Disprove/Prove Existence of Periodic Solution for Autonomous ODE

Question

Consider the system $\dot x = x^2 + y^2 -1$ and $\dot y = y - 2xy$. I am new in this field. I draw the vector filed and I saw that there is no obvious periodic solution. How can I prove/disprove the existence of periodic solution for this system?

Answer 1

The simplest way I can see to show that the system

$\dot x = x^2 + y^2 - 1, \tag 1$

$\dot y = y - 2xy, \tag 2$

has no periodic solution is the invoke the Benixson-Dulac theorem which asserts that a two-dimensional vector field $\mathbf X(x, y)$ has no periodic orbits in a region where $\nabla \cdot \mathbf X(x, y)$ has the same sign almost everywhere; the intuition behind this is easy: if

$\mathbf X = \begin{pmatrix} X_x(x, y) \\ X_y(x, y) \end{pmatrix} \tag 3$

has a closed trajectory $\gamma(t)$, we may use divergence theorem to affirm that

$\displaystyle \int_\Omega \nabla \cdot \mathbf X \; dA = \int_\gamma \mathbf X \cdot \mathbf n \; ds, \tag 4$

where $\Omega$ is the region surrounded by $\gamma(t)$, and $\mathbf n$ is the outward pointing normal with respect to $\Omega$ along $\gamma(t)$; since

$\dot \gamma(t) = \mathbf X(\gamma(t)), \tag 5$

we have

$\mathbf X(\gamma(t)) \cdot \mathbf n(\gamma(t)) = 0 \tag 6$

thus the right-hand integral in (4) vanishes; but the left-hand integral cannot vanish if $\nabla \cdot \mathbf X(x, y)$ has the same sign almost everywhere.

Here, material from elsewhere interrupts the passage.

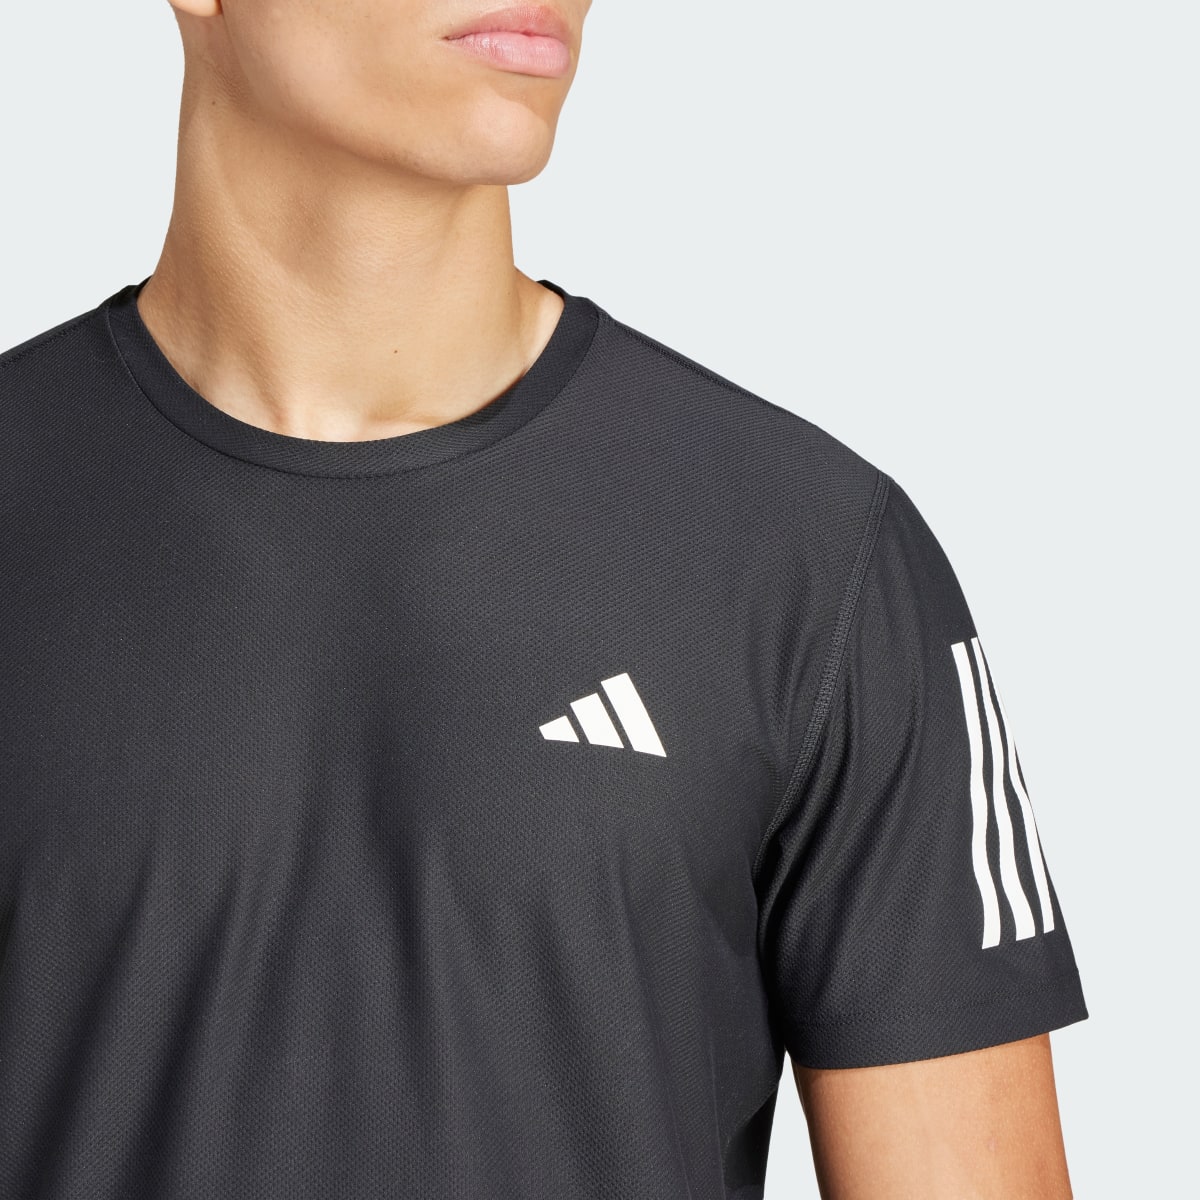 Adidas Camiseta Own the Run. 6

In the present case, we take

$\mathbf X(x, y) = \begin{pmatrix} X_x(x, y) \\ X_y(x, y) \end{pmatrix} = \begin{pmatrix} x^2 + y^2 - 1 \\ y - 2xy \end{pmatrix}, \tag 7$

and we see that

$\nabla \cdot \mathbf X(x, y) = \dfrac{\partial X_x(x, y)}{\partial x} + \dfrac{\partial X_y(x, y)}{\partial y} = 2x + 1 - 2x = 1; \tag 8$

since $\nabla \cdot \mathbf X(x, y) = 1$ everywhere, Bendixson-Dulac precludes the existence of a periodic orbit.